**What to produce:**
Copy out exactly the lines from the one with "Costa d'Avorio (Arte Africana )" through the last line of the listing below, both included, but none of the pictures.

**The data:**
BEGIN

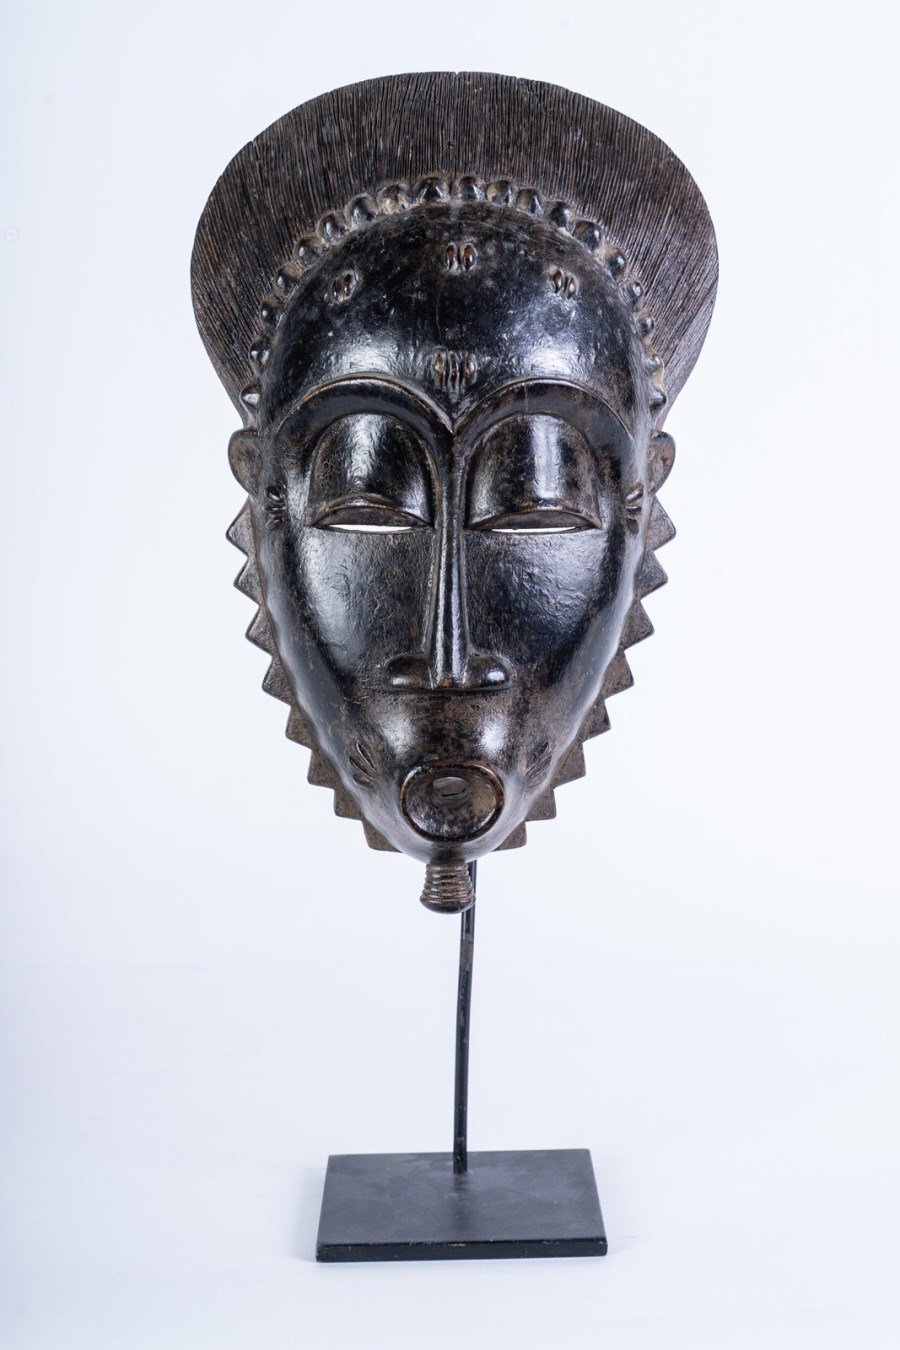 Maschera ritratto mblo, Baule
Costa d'Avorio (Arte Africana )
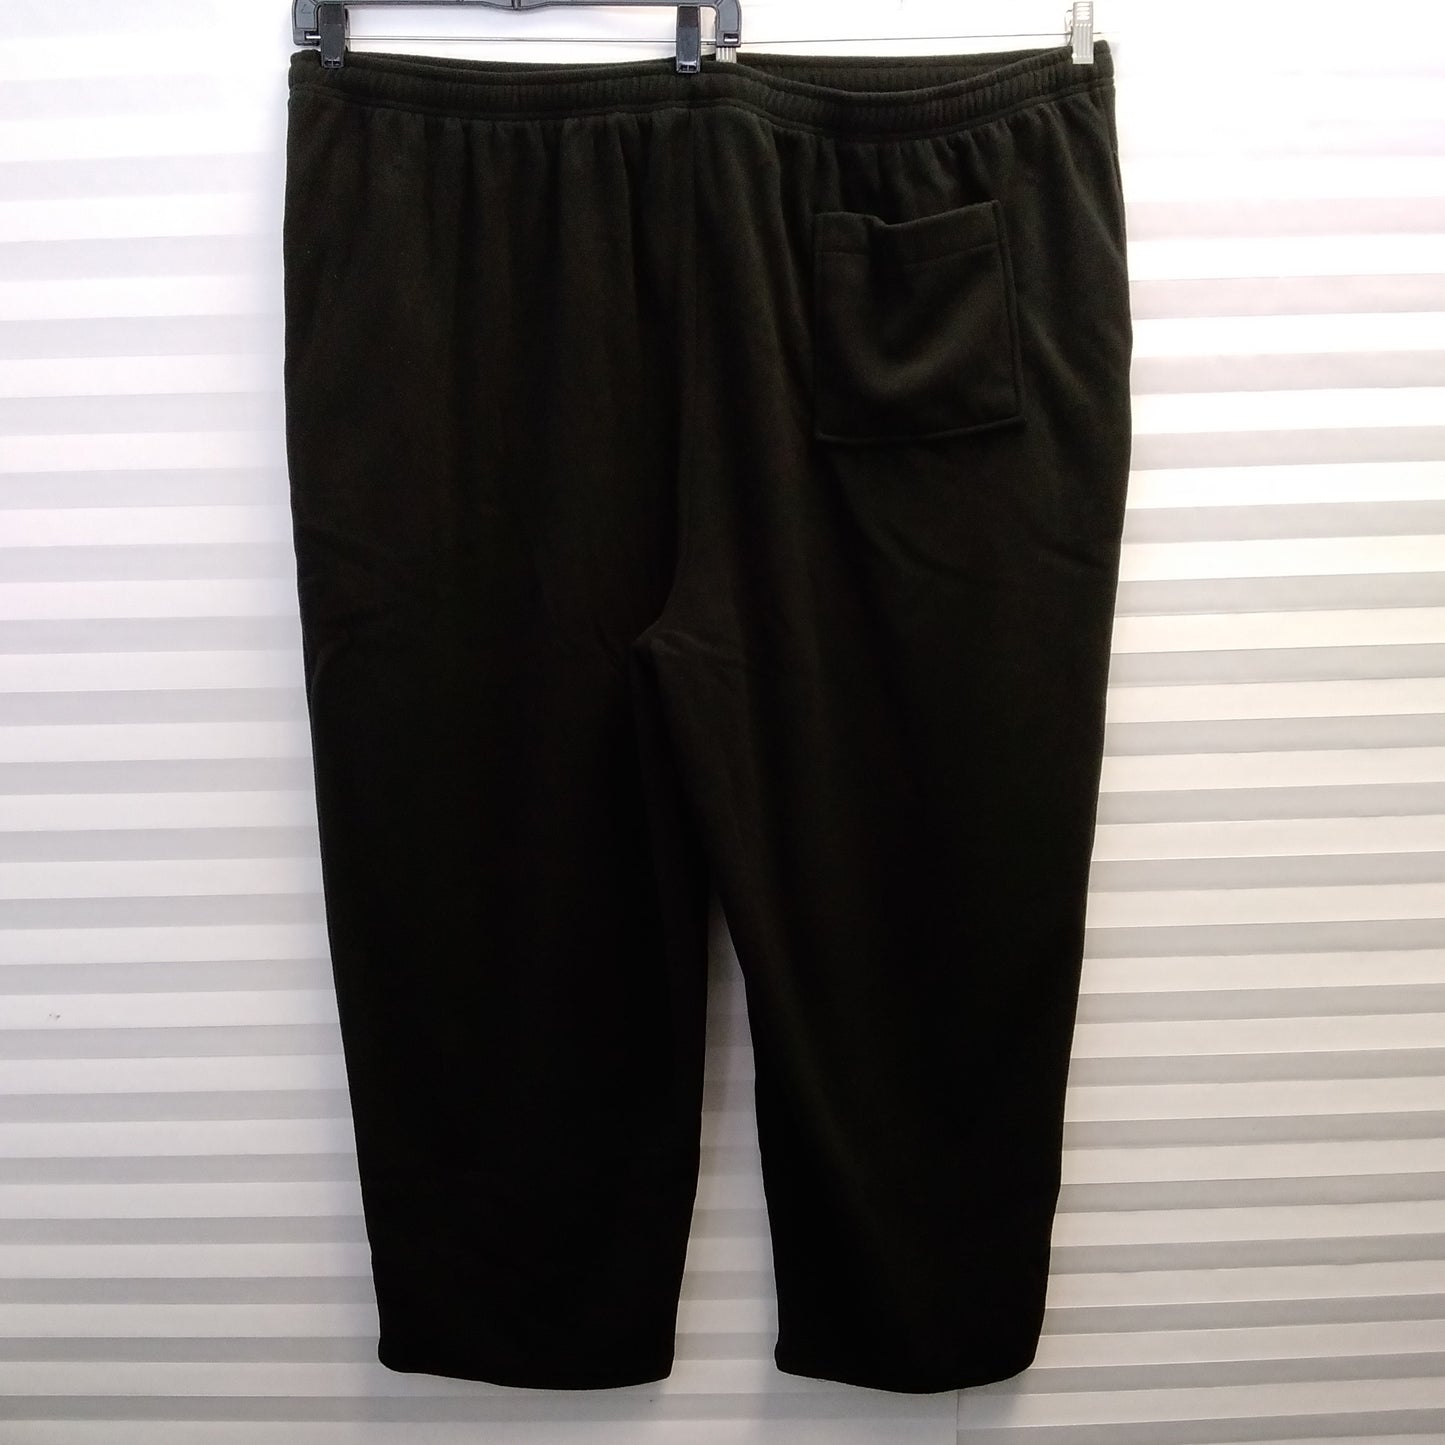 Kingsize Black Sweatpants - Men's 5XL Big

END

**Task output:**
Costa d'Avorio (Arte Africana )
 Kingsize Black Sweatpants - Men's 5XL Big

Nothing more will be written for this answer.